Kelley, Looney, McLean Littleton and Sidney L. Farr, all of Edinburg, for appellant.
Albert E. Coneway, Harlingen, for appellee.
This case concerns the circumstances under which a district court may exercise its power to enter judgment nunc pro tunc on a special issue verdict after the term of court has expired. The jury, after answering all issues clearly and favorably to the plaintiff, returned its verdict at five o'clock on the Saturday of the last week of the court's term. No judgment was announced during that day. After the term had expired, the plaintiff, Wyrick, filed a trial amendment and a remittitur which, as appellant, Williams, correctly states did not remit anything. Plaintiff then made a motion for judgment nunc pro tunc which, after hearing, the court granted. Whether the court possessed power and jurisdiction to enter the nunc pro tunc judgment is the important point here presented.
Plaintiff claimed that the defendant breached an oral contract to buy and pay for 1,924,428 tomato plants at the agreed price of one dollar per thousand plants. He alleged that defendant also failed to pay for seed in the additional amount of $294.00, but credited the defendant with an offset of $277.20 for expenses plaintiff would necessarily have incurred in picking and gathering the plants. The jury distinctly found that defendant had made the contract to buy the tomato plants at a price of one dollar per thousand plants and that he also agreed to pay for the seed which indisputably cost $294.00. The cost to plaintiff for picking and gathering was estimated at $277.20 and that amount was not disputed.
Plaintiff in his petition stated and itemized the elements of the contract and account. When, however, plaintiff's otherwise very able attorney reached the prayer for a summation of his damages, he added the amount due for the tomatoes ($1,924.43) to the undisputed cost of the seed ($294.00) and from the total ($2,218.43) he subtracted the undisputed harvesting cost ($277.20). Counsel proved unequal to the complexity of this arithmetic problem and fell $90.00 short of the true remainder by asking for recovery of only $1,851.23. The jury ignored this conservative arithmetic and in accord with good addition and subtraction and the strict letter of mathematics arrived at the correct figure of $1,941.23.
"In some situations it may be proper for the court to render a judgment nunc pro tunc when none has been previously rendered. In general, where the delay in rendition after the case is fully ripe for judgment has resulted solely from the process of the law or the delay of the court, and not from any fault of the prevailing party, rendition of judgment nunc pro tunc is proper. * * * Again, judgment has been rendered nunc pro tunc in cases where, after a jury trial and verdict, the judge overlooked rendering judgment until a subsequent term, or improperly refused to do so until action was compelled by mandamus." 4 McDonald, Texas Civil Practice, § 17.07.

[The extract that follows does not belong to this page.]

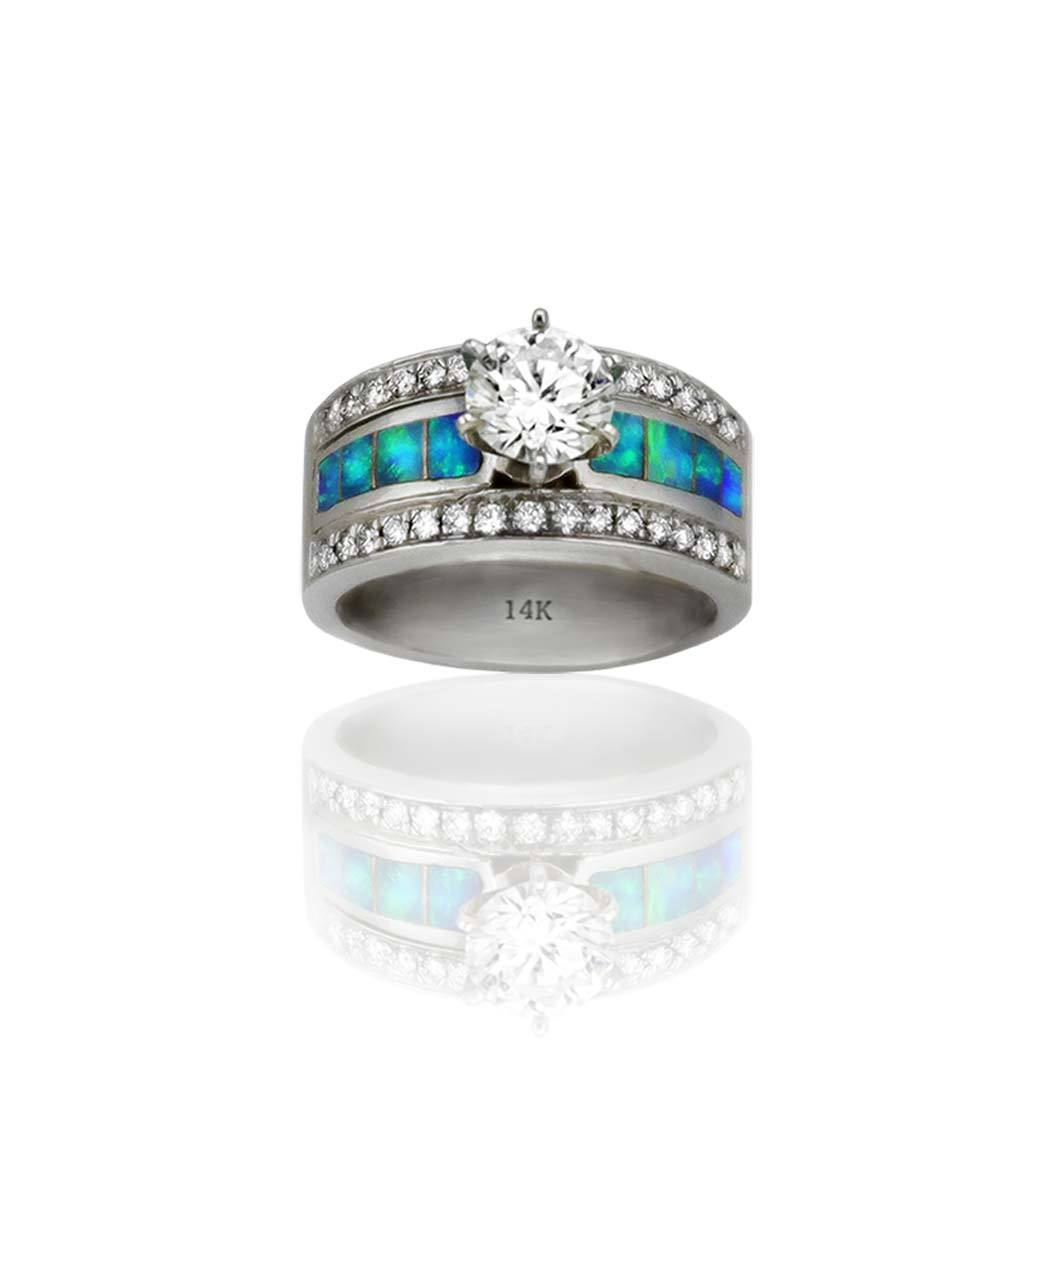 Maverick's 14K White Gold Opal Inlay Band With Round Center Diamond

Generally a nunc pro tunc judgment is permissible only where the judgment was rendered but not entered during term time, but the above summary of the Texas law recognizes that in some instances judgment may be both rendered and entered on motion for judgment nunc pro tunc after term time. It has been settled that in the case of a general verdict, judgment may be entered at a subsequent term though not rendered during the prior term. Carwile v. William M. Cameron Co., 102 Tex. 171, 114 S.W. 100; Lloyd v. Brinck, 35 Tex. 1. The reason assigned for the rule is that in the case of a general verdict, the law determines what the judgment shall be. Whether a similar rule exists in the case of a verdict on special issues, or at least in some instances of a special issue verdict, has not been definitely settled. However, Gulf, C. S. F. Ry. Co. v. Canty, 115 Tex. 537, 285 S.W. 296, 302, applies the same rule and reason, even in the instance of a special issue verdict, and holds that judgment may be rendered at a subsequent term, saying: "When the necessary effect of a special verdict is clear and plain, the writ of mandamus as prayed for herein should issue just the same as has been done in general verdict cases. In this particular statement we are probably pioneering, but our view seems to be based upon reasoning which is unanswerable." We are inclined to agree with the court's modest statement that its reasoning is unanswerable, since that authority has been often followed with approval. Farmer v. Denton, Tex.Civ.App., 231 S.W.2d 908; Wright v. Longhorn Drilling Corporation, Tex.Civ.App., 202 S.W.2d 285, 286; Stewart v. Gibson, Tex.Civ.App., 154 S.W.2d 1002; Shell Oil Co. v. Dennison, Tex.Civ.App., 132 S.W.2d 609; Friske v. Graham, Tex.Civ.App., 128 S.W.2d 139; Nalle v. Walenta, Tex.Civ.App., 102 S.W.2d 1070; Allen v. Strode, Tex.Civ.App., 62 S.W.2d 289; 49 C.J.S., Judgments, § 118; accord, Moore, Inc. v. York Oil Field Service Co., Tex.Civ.App., 226 S.W.2d 114; Chaffin v. Drane, Tex.Civ.App., 131 S.W.2d 672. But cf., Allied Store Utilities Co. v. Hunt, Tex.Civ.App., 148 S.W.2d 246; British General Ins. Co. v. Ripy, 130 Tex. 101, 106 S.W.2d 1047; Glasscock v. Pickens, Tex.Civ.App., 73 S.W.2d 992. Contra: Universal Life Ins. Co. v. Cook, Tex.Civ.App., 188 S.W.2d 791; Finnigan-Brown Co. v. Escobar, Tex.Civ.App., 192 S.W. 256; Rouff v. Boyd, Tex.Civ.App., 16 S.W.2d 403, 407.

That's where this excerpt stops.